SUPPLIED DATA:
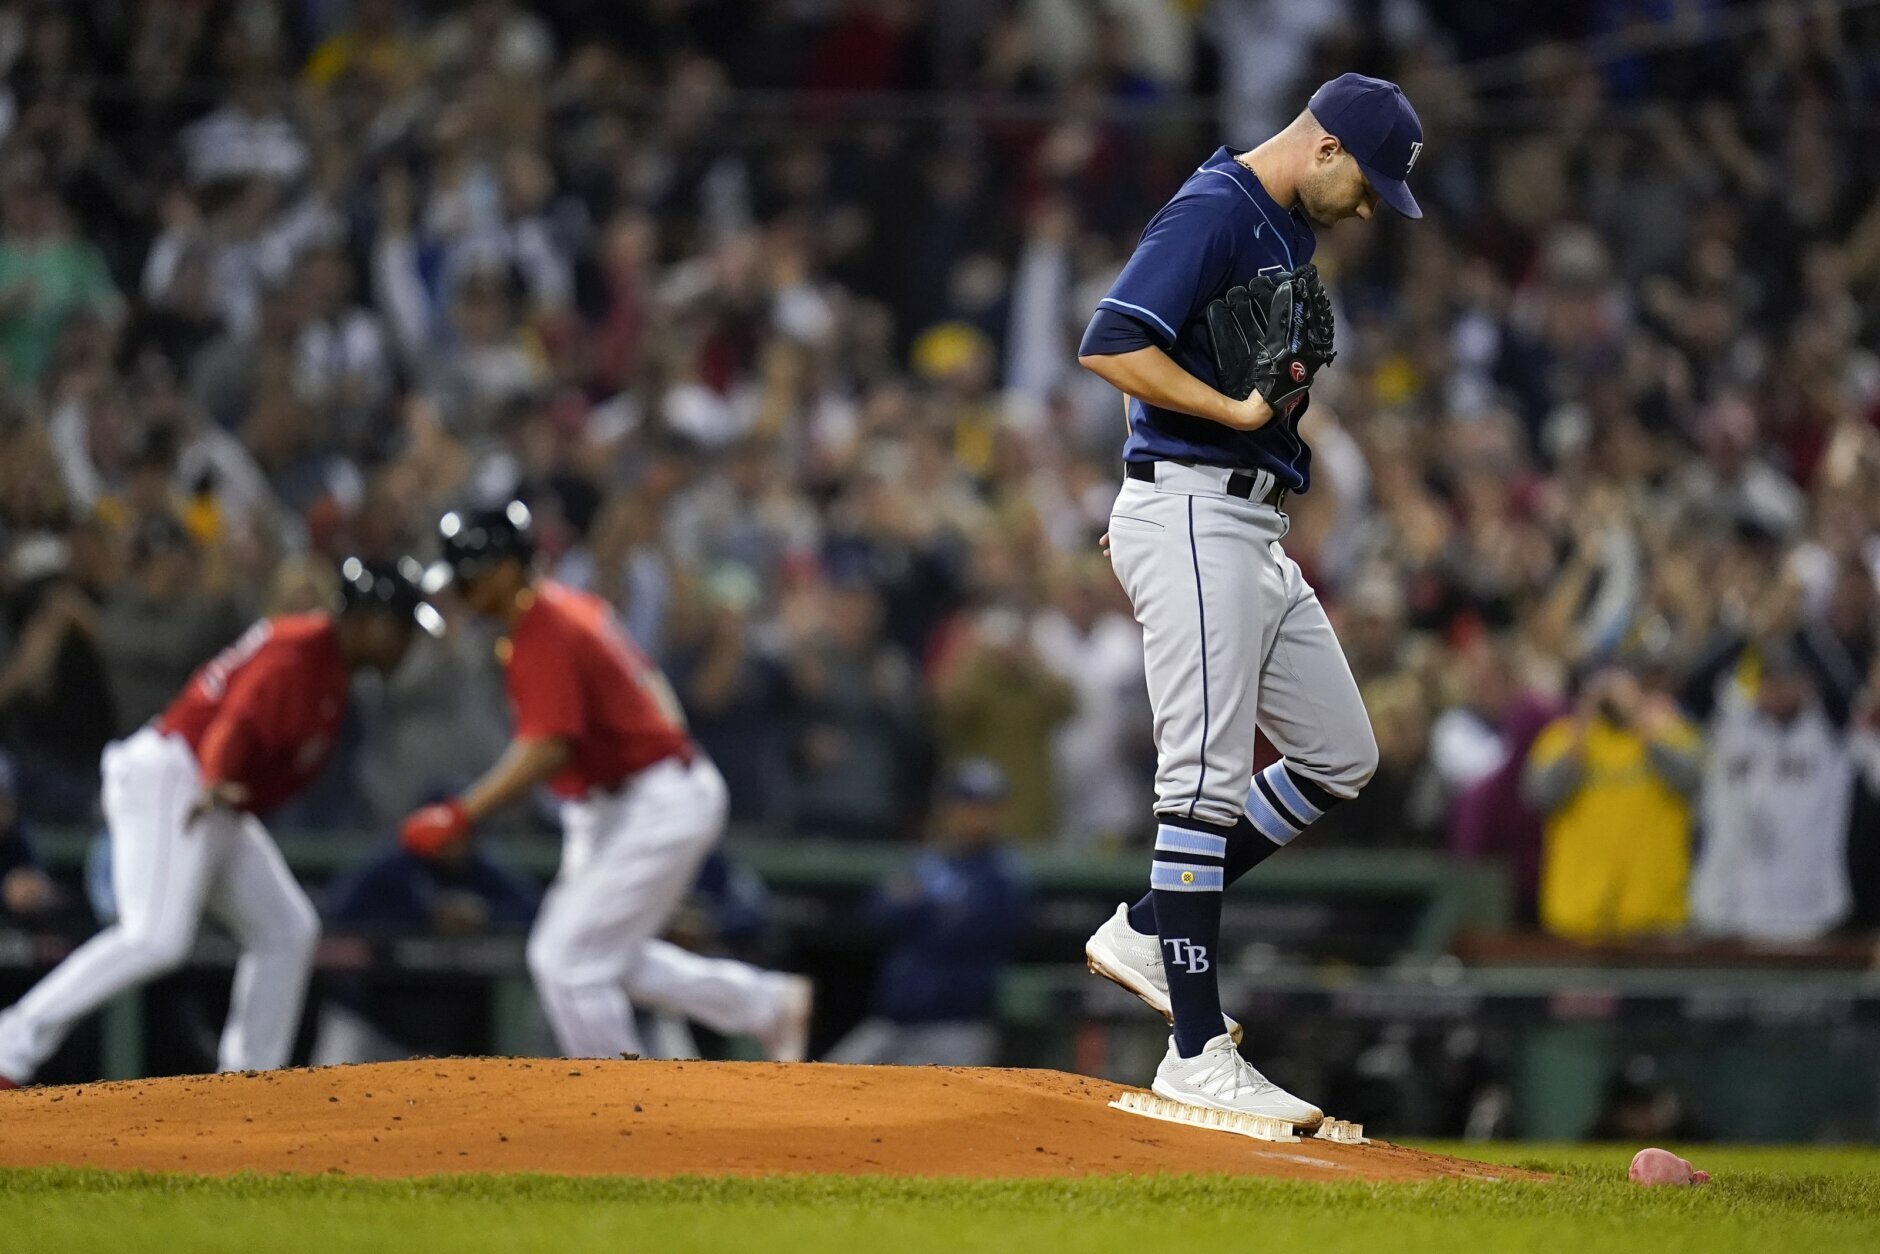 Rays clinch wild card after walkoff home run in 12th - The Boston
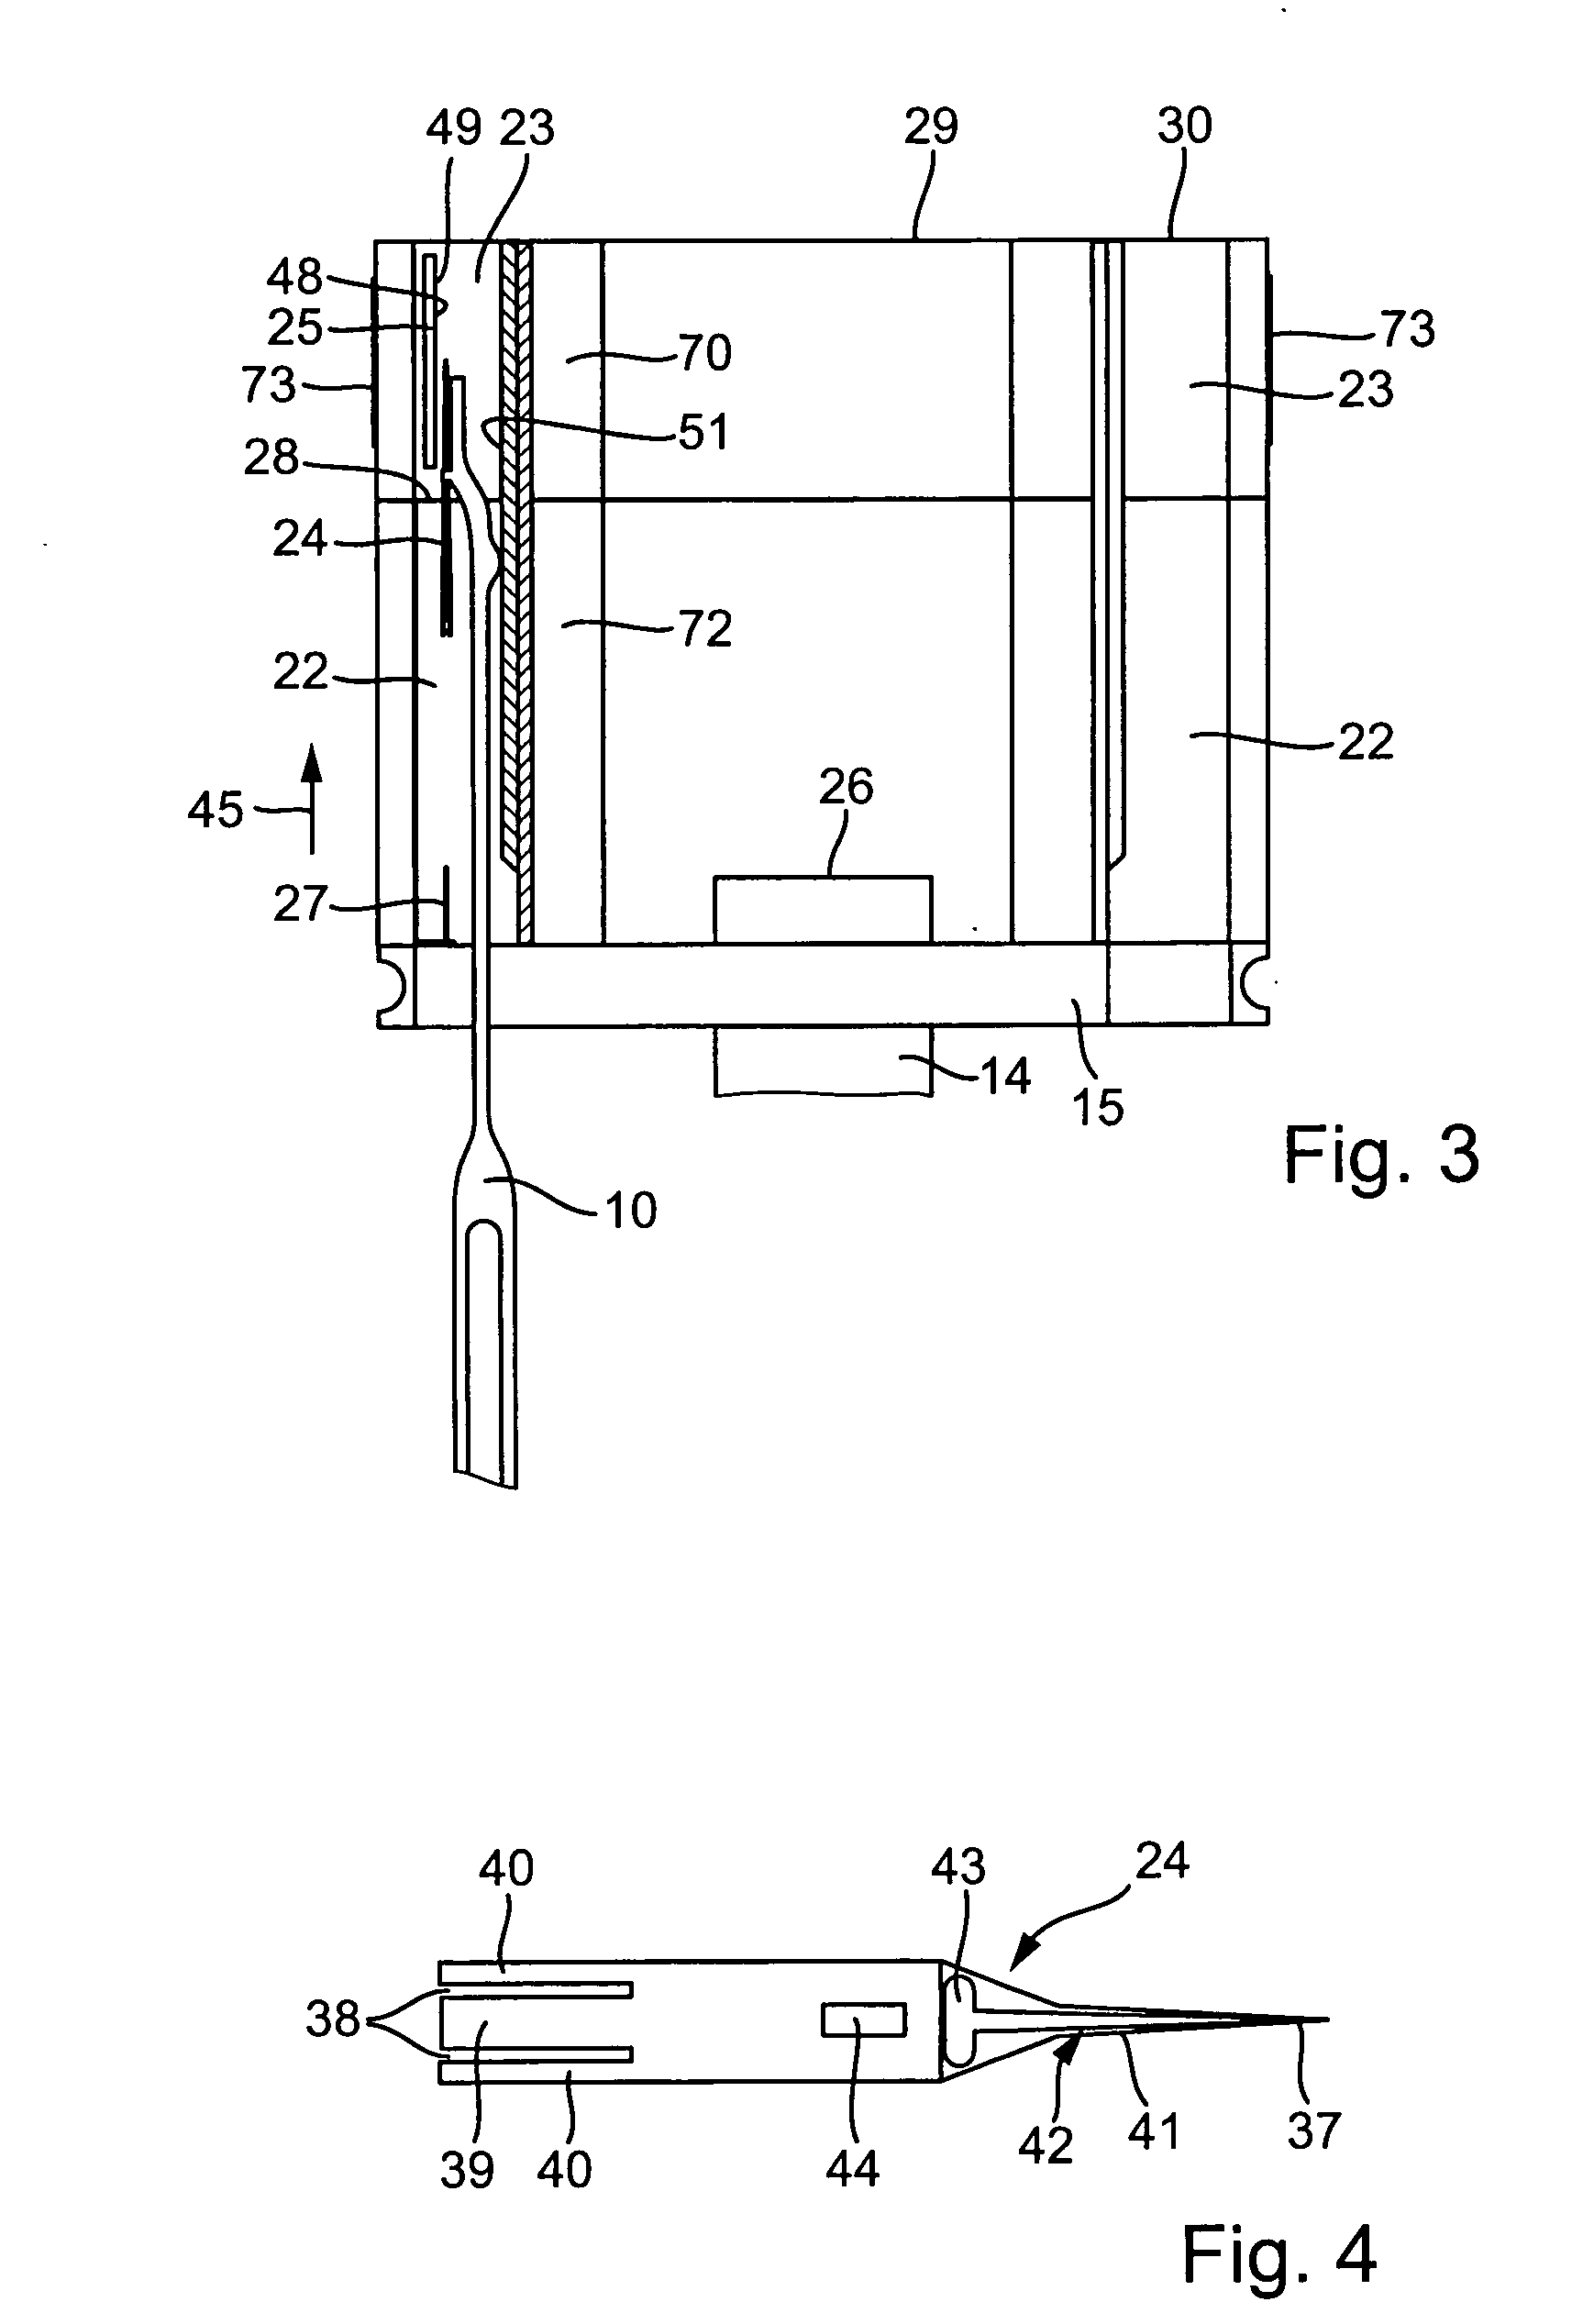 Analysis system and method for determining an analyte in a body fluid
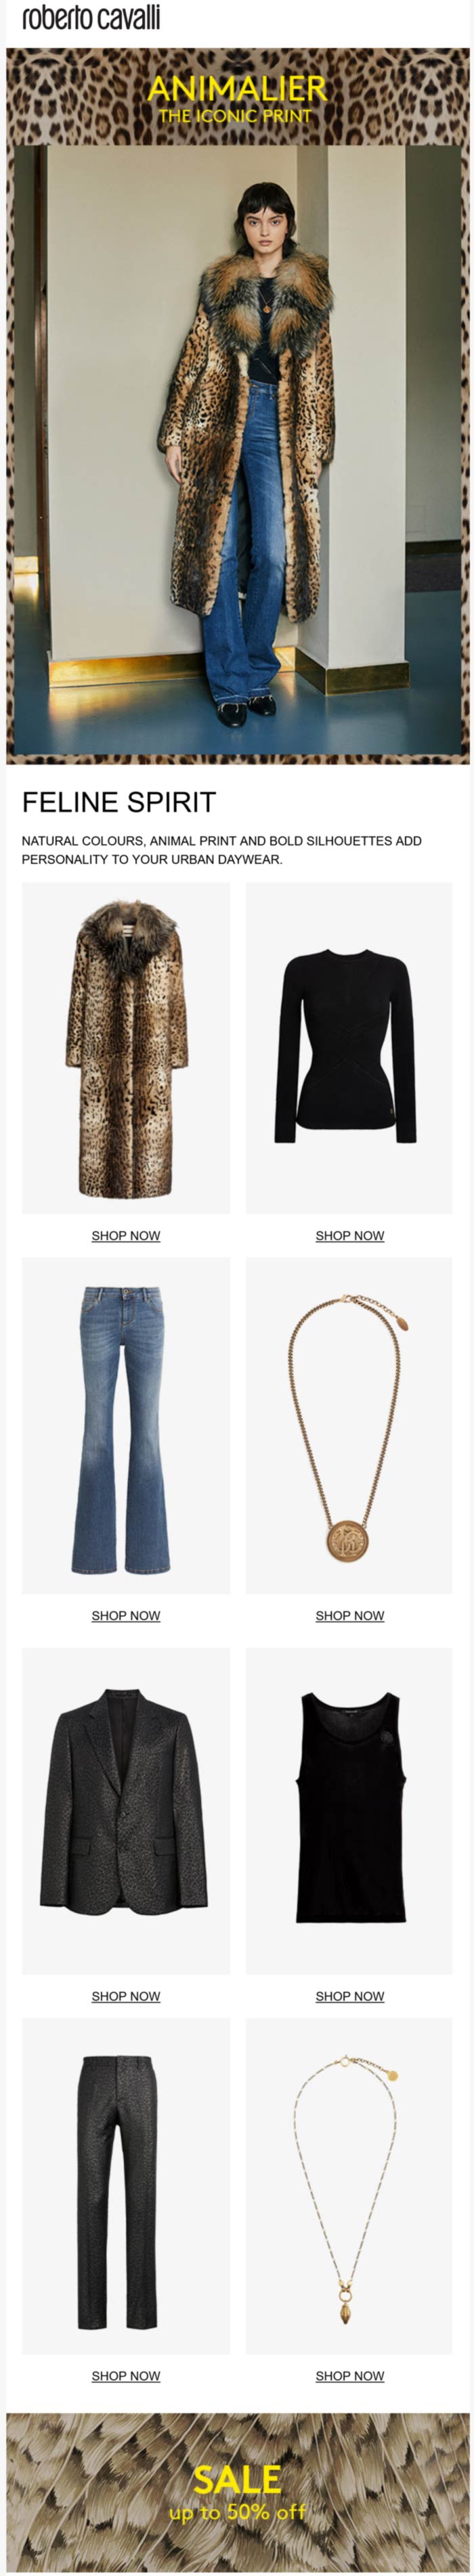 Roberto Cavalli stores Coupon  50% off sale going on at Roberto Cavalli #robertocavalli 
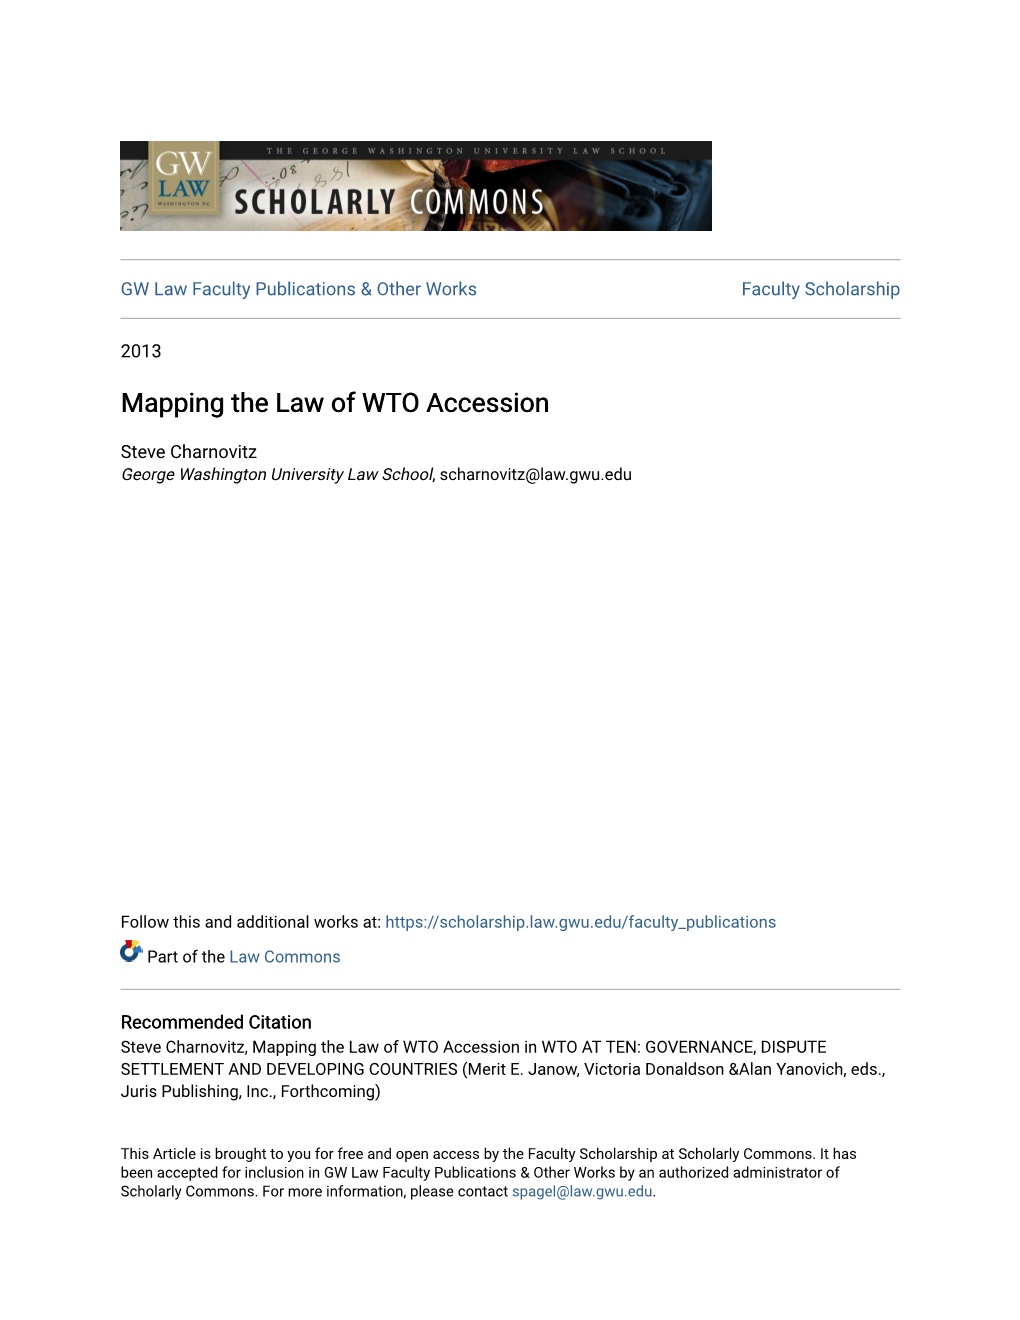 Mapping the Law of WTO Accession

EXERCISE:
Begin at the line containing "Roberto Cavalli stores" and restate exactly every line through the end of the material, skipping the pictures.

EXERCISE RESULT:
 Roberto Cavalli stores Coupon  50% off sale going on at Roberto Cavalli #robertocavalli 
 Mapping the Law of WTO Accession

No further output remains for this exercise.